Infinity 2k20

#include
#include<bits/stdc++.h>
using namespace std;
#define ll long long int
int main() {
ll t;
cin>>t;
while(t–)
{
ll x,y;
cin>>x>>y;
if(x==y)
cout<<0<<endl;
else if(x>=0 && y>=0)
{
if((y-x)>0)
{
if((y-x)%2==0)
cout<<2<<endl;
else
cout<<1<<endl;
}
else if((y-x)<0)
{
if(((abs(y-x))%2)!=0)
cout<<2<<endl;
else
cout<<1<<endl;
}
}
// else if((x%2)==0 && (x>0) && ((y%2)!=0 && y<0))
// cout<<2<<endl;
// else if((x%2)!=0 && (x>0) && ((y%2)==0 && y<0))
// cout<<2<<endl;
// else if((x%2)==0 && (x<0) && ((y%2)==0 && y>0))
// cout<<2<<endl;
// else
// cout<<1<<endl;
else if((x<0 && y<0) || (x<0 || y<0))
{
if((x%2)==0 && (x>0) && ((abs(y))%2)!=0 && (y<0))
cout<<2<<endl;
else if((abs(x))%2==0 && (x<0) && ((abs(y))%2)!=0 && (y<0))
cout<<2<<endl;
else if(((abs(x))%2)!=0 && (x<0) && (y%2)==0 && (y>0))
cout<<1<<endl;
else if(((abs(x))%2)!=0 && (x<0) && ((abs(y))%2==0) && (y<0))
cout<<1<<endl;

   else if((abs(x%2))!=0 && (x<0) && (((abs(y))%2)!=0) && (y>0))
        cout<<2<<endl;
   else if((abs(x))%2==0 && (x<0) && (y%2)==0 && (y>0))
        cout<<2<<endl;
        
   else if((x%2)!=0 && (x>0) && ((abs(y))%2==0) && (y<0))
        cout<<2<<endl;
   else
        cout<<1<<endl;
   }
   
}
return 0;

}
This is first one of infinity 2k20 can someone tell where I have missed some cases. and how to improve it?

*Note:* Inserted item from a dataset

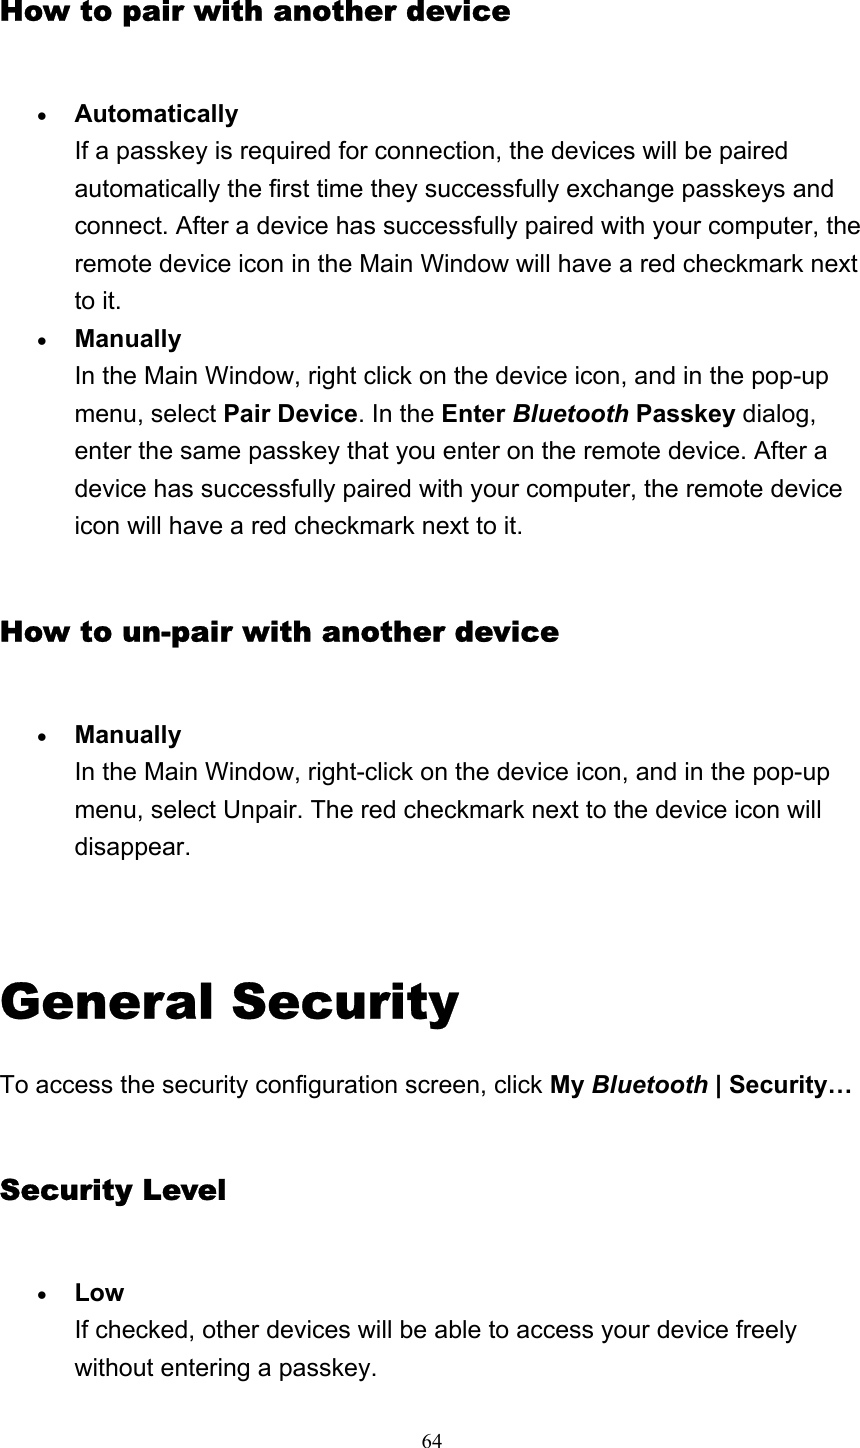   64How to pair with another device • Automatically If a passkey is required for connection, the devices will be paired automatically the first time they successfully exchange passkeys and connect. After a device has successfully paired with your computer, the remote device icon in the Main Window will have a red checkmark next to it.   • Manually In the Main Window, right click on the device icon, and in the pop-up menu, select Pair Device. In the Enter Bluetooth Passkey dialog, enter the same passkey that you enter on the remote device. After a device has successfully paired with your computer, the remote device icon will have a red checkmark next to it.   How to un-pair with another device • Manually In the Main Window, right-click on the device icon, and in the pop-up menu, select Unpair. The red checkmark next to the device icon will disappear.    General Security To access the security configuration screen, click My Bluetooth | Security… Security Level • Low If checked, other devices will be able to access your device freely without entering a passkey.

First off, this code is ugly as hell. Work on your implementation skill.

Now, I’ll give you a few hints which you can utilize to solve this problem:

HINT 1: Is solving for X > Y and X < Y the same?
HINT 2: How does parity of X and Y affect the overall result?
HINT 3: There are 3 possible answers to a query (excluding 0).

If you are able to break it into cases, you’ll get going in no time. Happy solving!

Here u missed the case when the answer will be 3.
That is the case when ur Y>X and (Y-X)/2==even then ur answer is 3 else if it is odd answer is 2.
For e.g. let X=0 and Y =40.Here you can’t reach to 40 by adding up ‘a’ because ur ‘a’ must be odd integer.So here what you can do is simply adding up 25 in one step and another 25 in other step. Now ur X will be 50(i.e.0+25+25==50).Now in the third step u can simply subtract X by (b==10). So at the end ur X when subtracted by 10(50-10==40) which is the required Y. Hope it helps you.

I will improve it

Thanks